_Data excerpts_
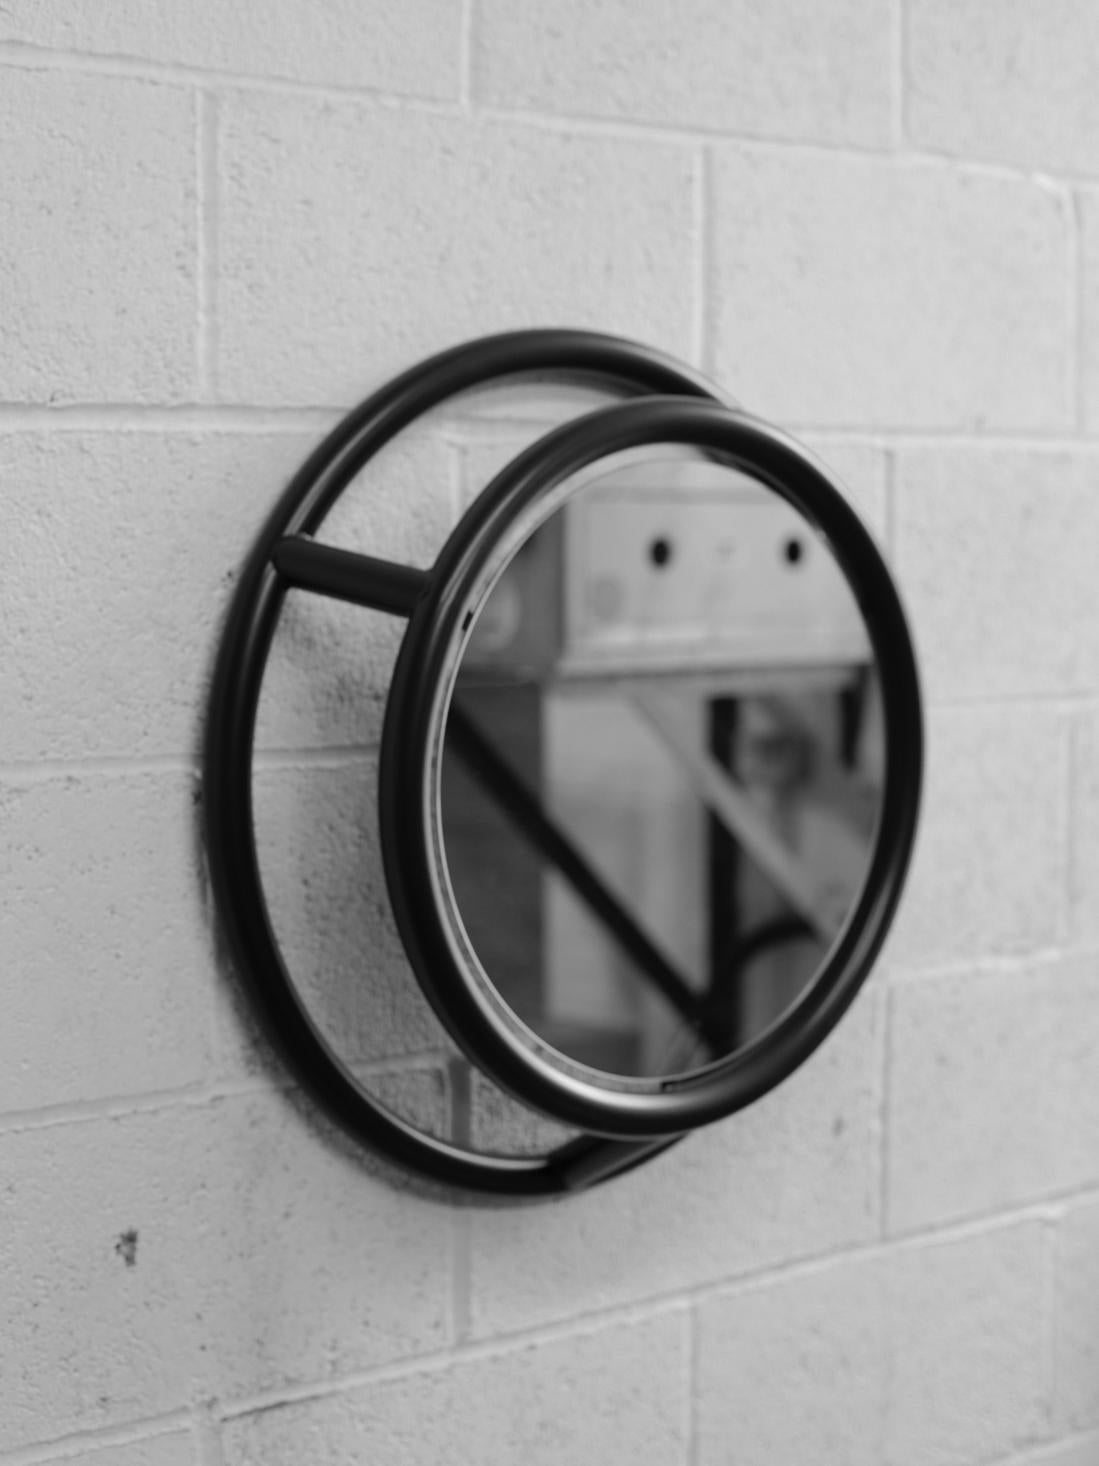 Einzigartiger runder und runder Spiegel von Kim Thome
Abmessungen: D 60 cm
MATERIALIEN: Stahl, Schwimmspiegel

Kim Thomé ist ein norwegischer Designer, der in London lebt.
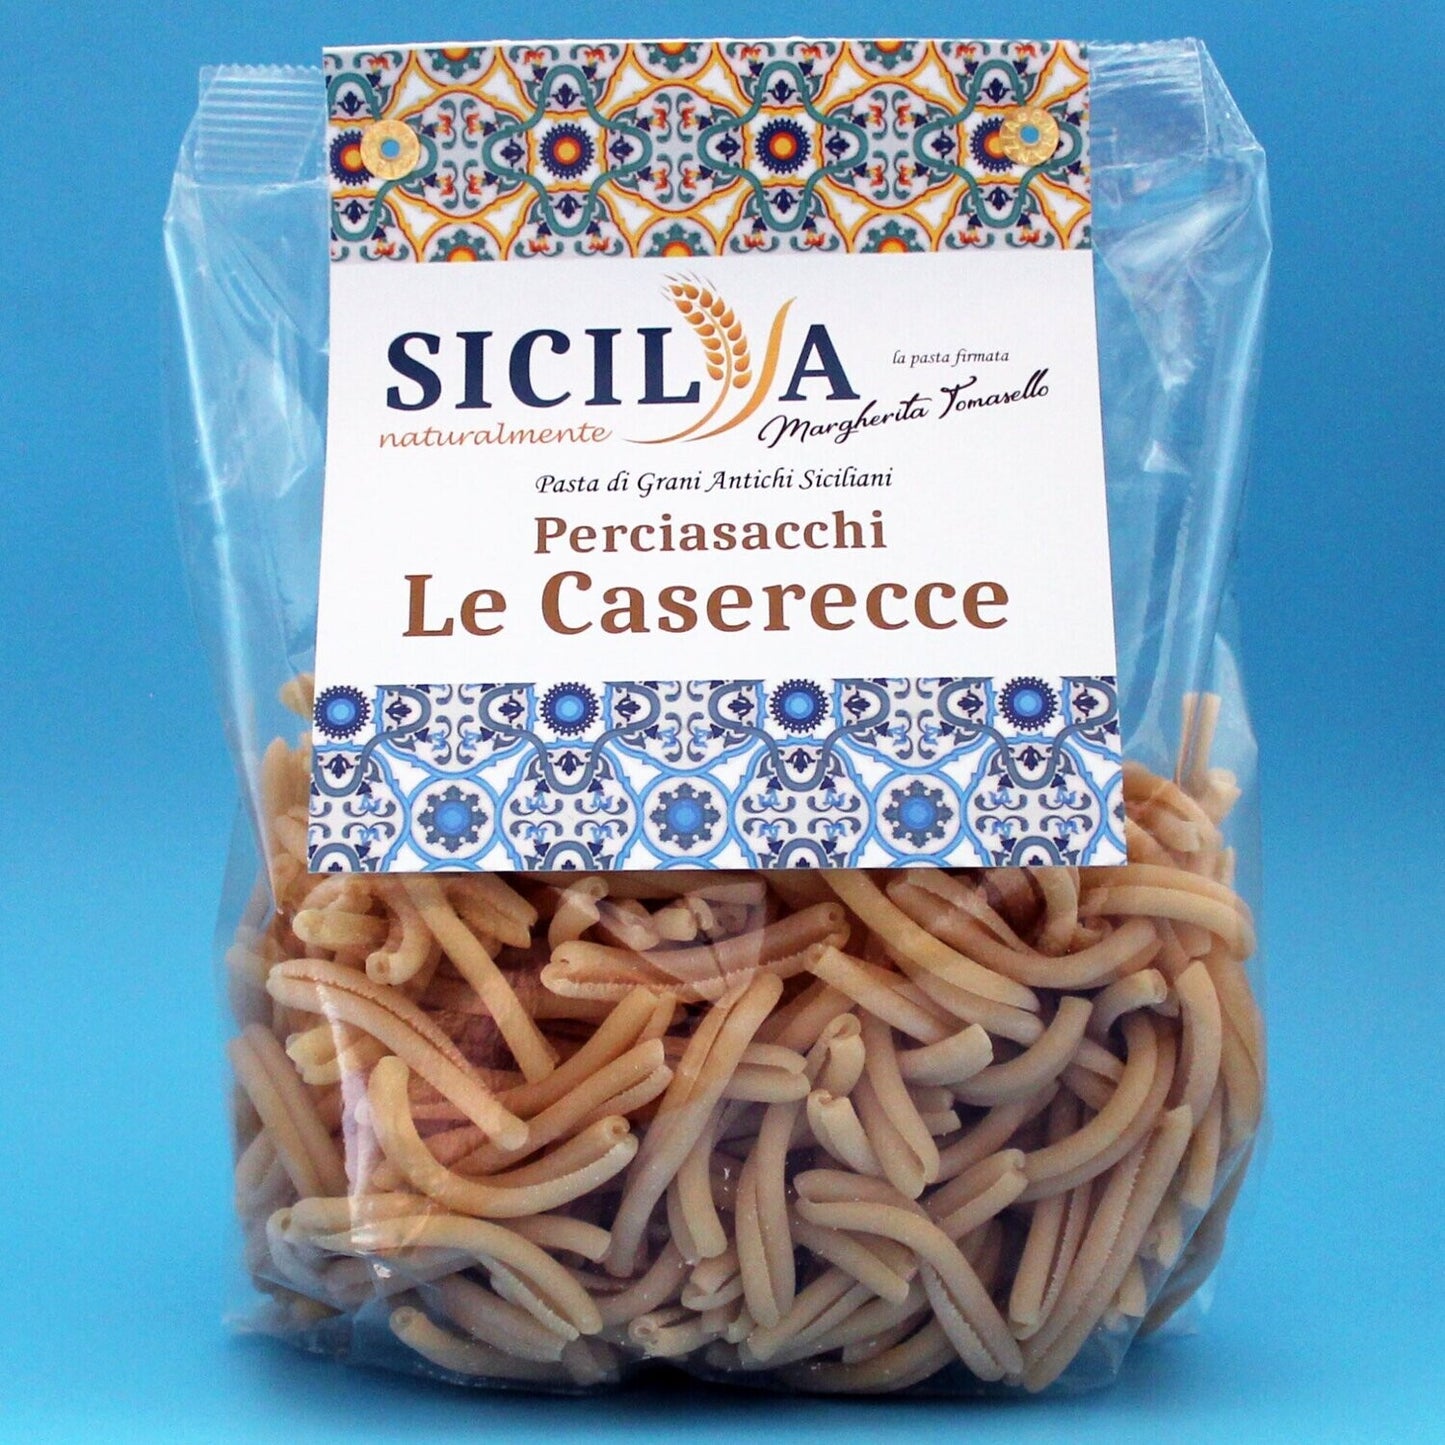 Pasta Caserecce di Grani Antichi Siciliani Perciasacchi - Sicilia Naturalmente

_REQUIREMENT_
Please print every record above exactly, but leave the pictures out.

_WORKED SOLUTION_
 Einzigartiger runder und runder Spiegel von Kim Thome
Abmessungen: D 60 cm
MATERIALIEN: Stahl, Schwimmspiegel

Kim Thomé ist ein norwegischer Designer, der in London lebt.
 Pasta Caserecce di Grani Antichi Siciliani Perciasacchi - Sicilia Naturalmente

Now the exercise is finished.